## INSTRUCTIONS TO FOLLOW
With the pictures omitted, write out the entries that follow exactly as they stand.

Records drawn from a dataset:
◇ ◇ ◇ ◇ ◇ ◇ ◇

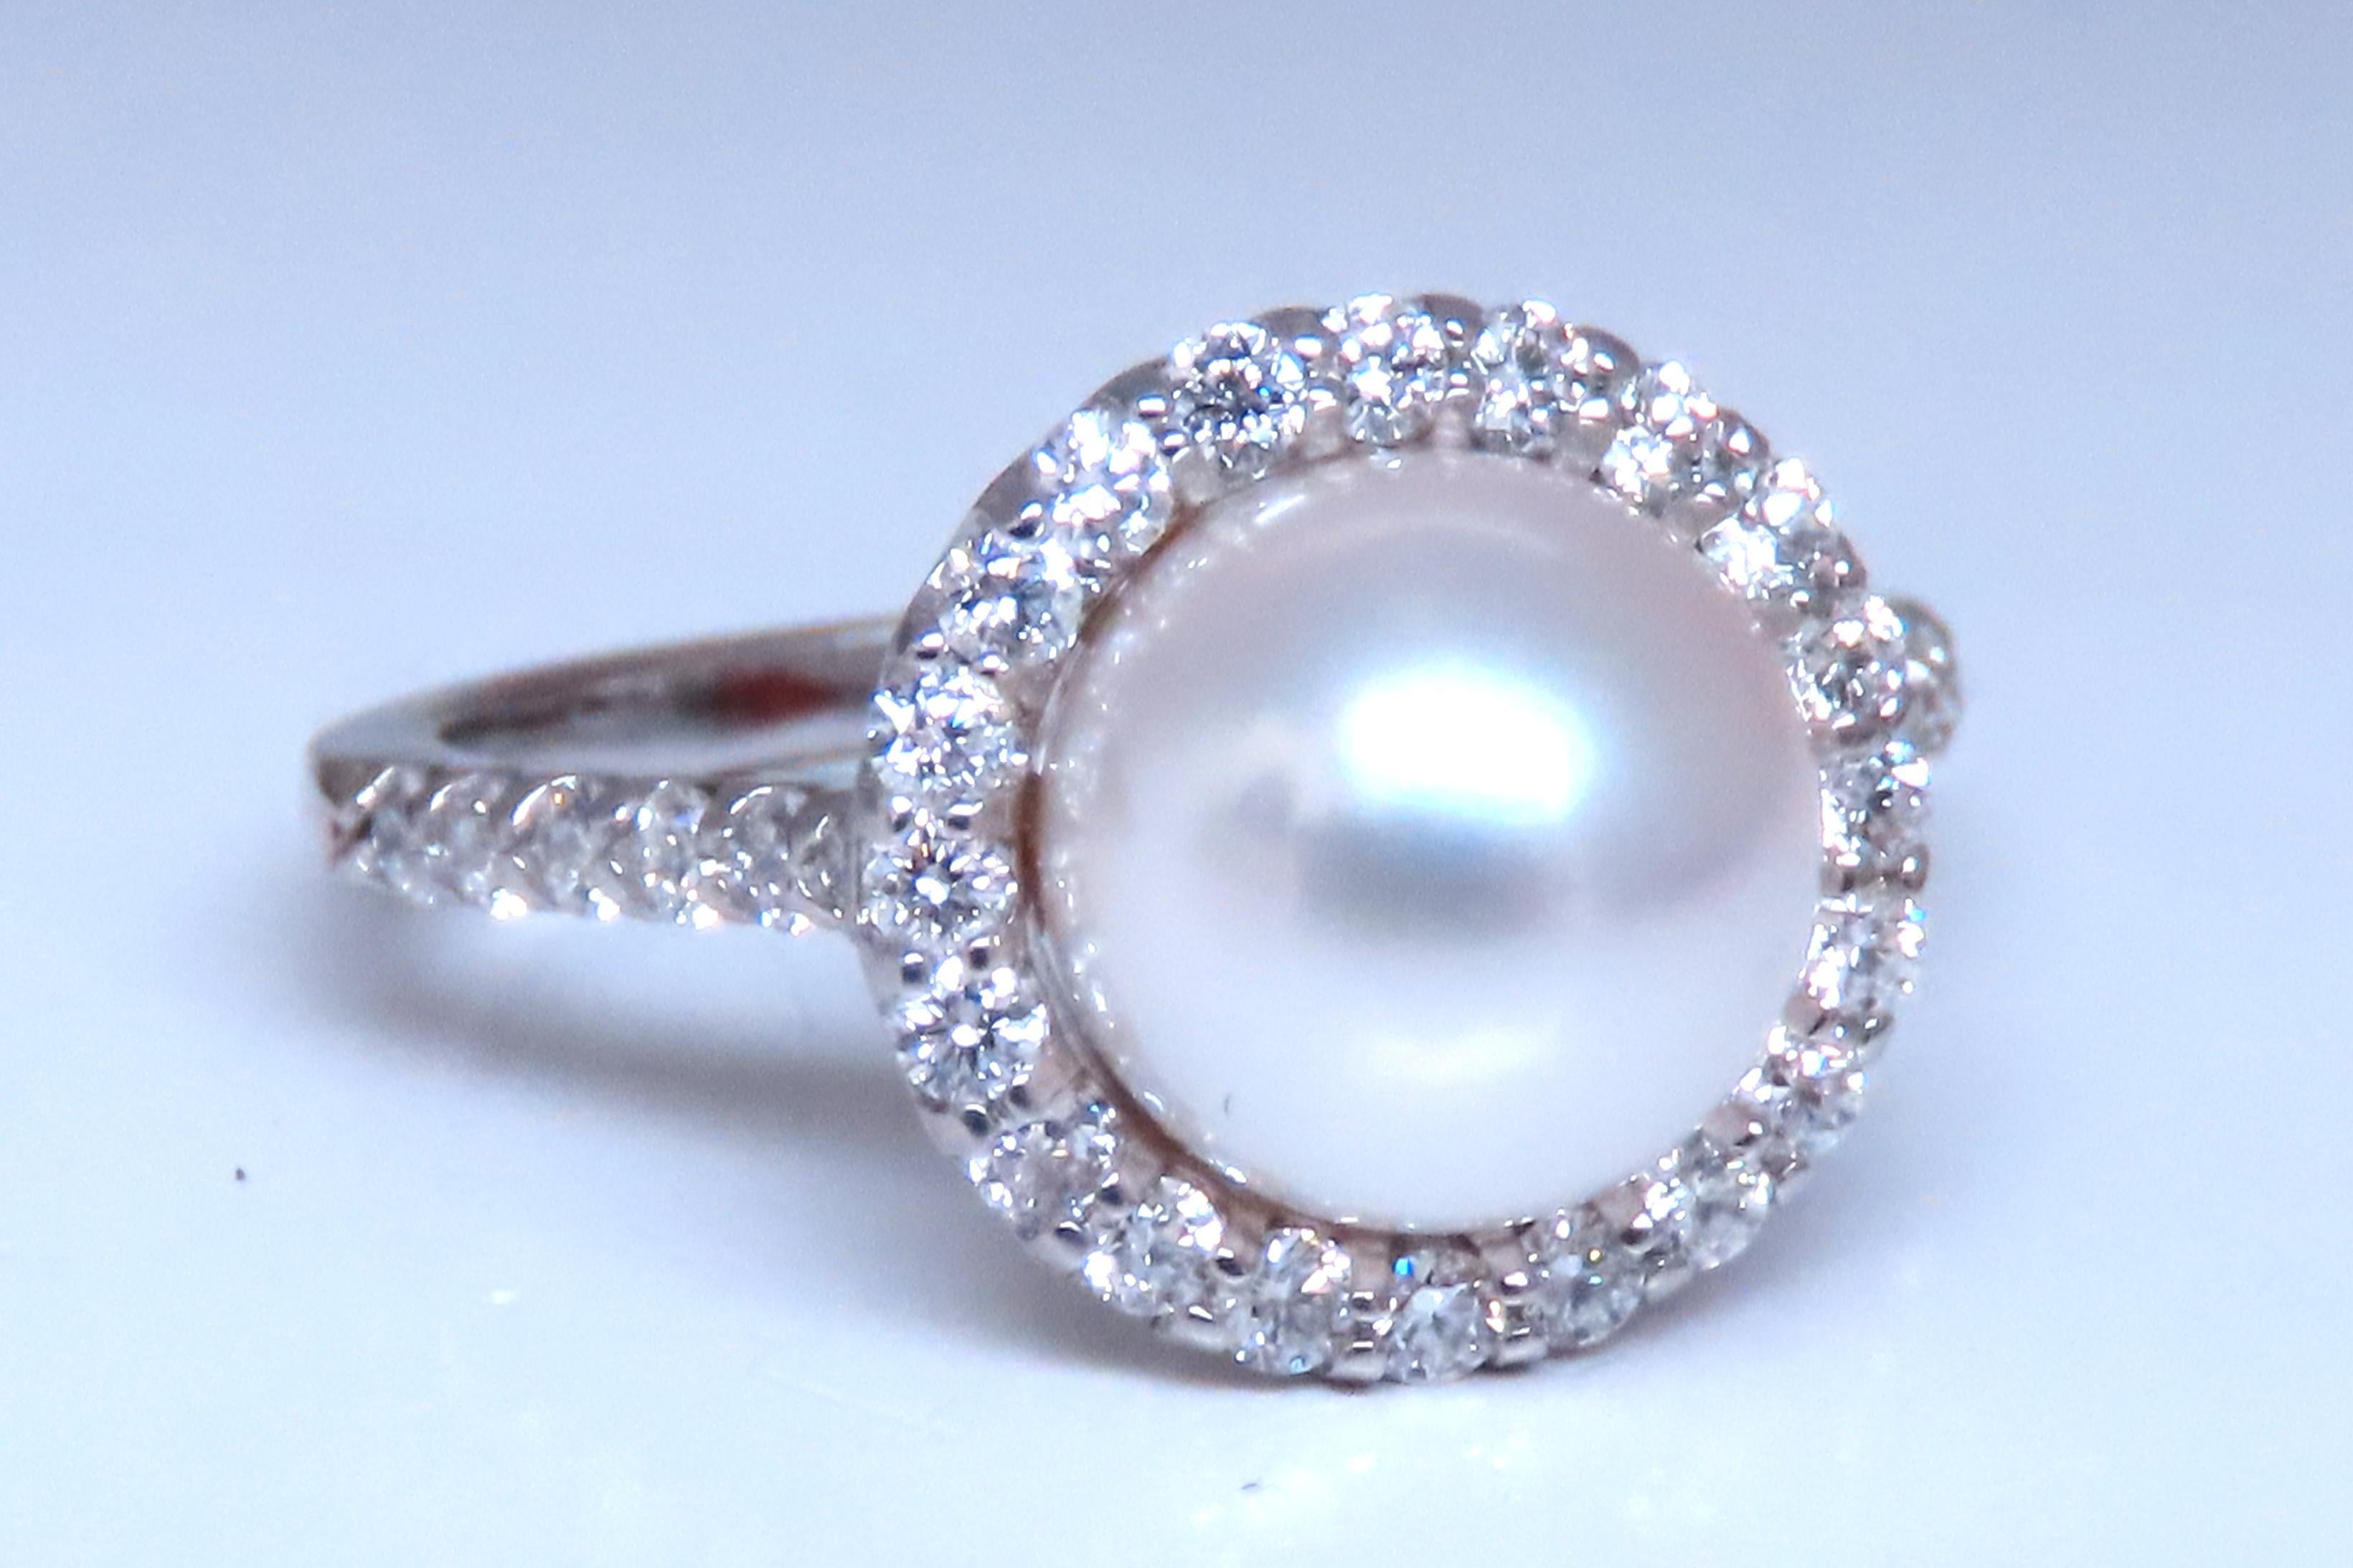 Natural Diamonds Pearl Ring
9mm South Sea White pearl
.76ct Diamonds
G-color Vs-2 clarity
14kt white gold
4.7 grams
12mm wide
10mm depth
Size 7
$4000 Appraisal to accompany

◇ ◇ ◇ ◇ ◇ ◇ ◇

## ANSWER SPACE
 Natural Diamonds Pearl Ring
9mm South Sea White pearl
.76ct Diamonds
G-color Vs-2 clarity
14kt white gold
4.7 grams
12mm wide
10mm depth
Size 7
$4000 Appraisal to accompany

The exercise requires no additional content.